GPL-2 | GPL-3 [expanded from: GPL (≥ 2)]

URL:

https://github.com/natydasilva/PPforest

LazyData:

yes

Depends:

R (≥ 4.1.0)

Imports:

Rcpp (≥ 0.12.7), magrittr, plyr, dplyr (≥ 0.7.5), tidyr, doParallel, tibble, tidyselect

Suggests:

knitr, gridExtra, GGally, ggplot2, RColorBrewer, roxygen2 (≥ 3.0.0), PPtreeViz, rmarkdown

VignetteBuilder:

knitr

LinkingTo:

Rcpp,RcppArmadillo

Encoding:

UTF-8

RoxygenNote:

7.3.2

BugReports:

https://github.com/natydasilva/PPforest/issues

NeedsCompilation:

yes

Packaged:

2025-07-23 22:09:04 UTC; nataliadasilva

Author:

Natalia da Silva

[aut, cre], Dianne Cook [aut], Eun-Kyung Lee [aut]

Repository:

CRAN

Date/Publication:

2025-07-23 22:20:19 UTC

NCI60 data set

Description

NCI60 data set

Usage

data(NCI60)

Format

cDNA microarrays were used to examine the variation in gene expression among the 60 cell lines. The cell lines are derived from tumors with different sites of origin. This data set contain 61 observations and 30 feature variables from 8 different tissue types.

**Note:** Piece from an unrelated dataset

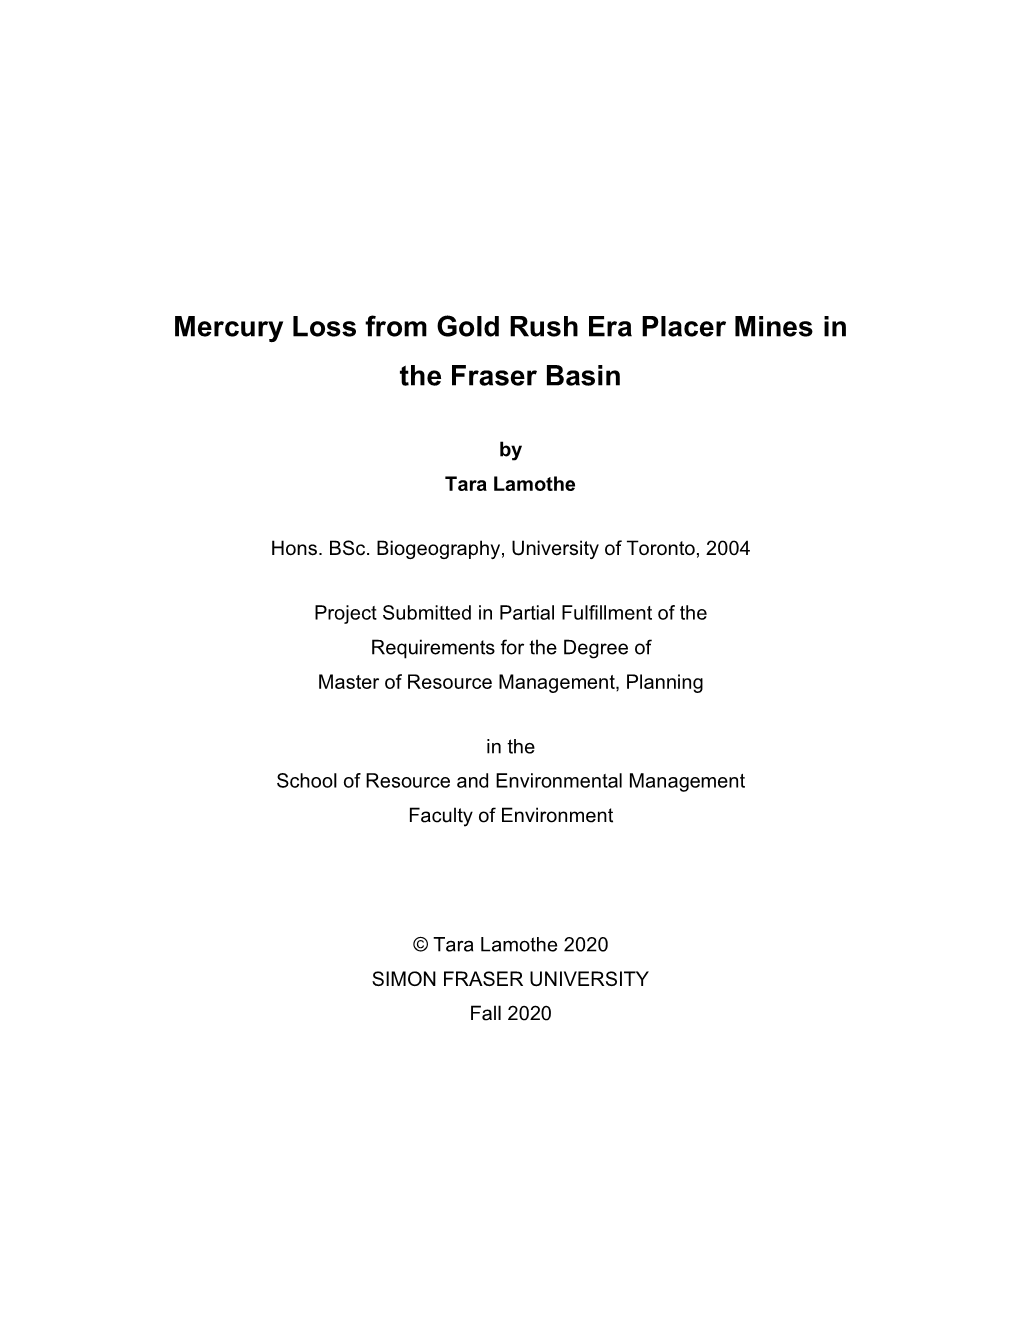 Mercury Loss from Gold Rush Era Placer Mines in the Fraser Basin

Type: has 8 different tissue types, 9 cases of breast, 5 cases of central nervous system (CNS), 7 cases pf colon, 8 cases of leukemia, 8 cases of melanoma, 9 cases of non-small-cell lung carcinoma (NSCLC), 6 cases of ovarian and 9 cases of renal.
Gene1, Gen2, ..., Gen30: Numeric gene expression information.

A data frame with 61 rows and 31 variables

Source

Dudoit, S., Fridlyand, J. and Speed, T. P. (2002). Comparison of Discrimination Methods for the Classification of Tumors Using Gene Expression Data. Journal of the American statistical Association 97 77-87.

Predict class for the test set and calculate prediction error after finding the PPtree structure, .

Description

Predict class for the test set and calculate prediction error after finding the PPtree structure, .

Usage

PPclassify( Tree.result, test.data = NULL, Rule = 1, true.class = NULL)

Arguments

Tree.result

the result from PPtree_split

test.data

the test dataset

Rule

split rule 1:mean of two group means, 2:weighted mean, 3: mean of max(left group) and min(right group), 4: weighted mean of max(left group) and min(right group)

true.class

true class of test dataset if available

Value

predict.class predicted class

predict.error prediction error

References

Lee, YD, Cook, D., Park JW, and Lee, EK(2013) PPtree: Projection pursuit classification tree, Electronic Journal of Statistics, 7:1369-1386.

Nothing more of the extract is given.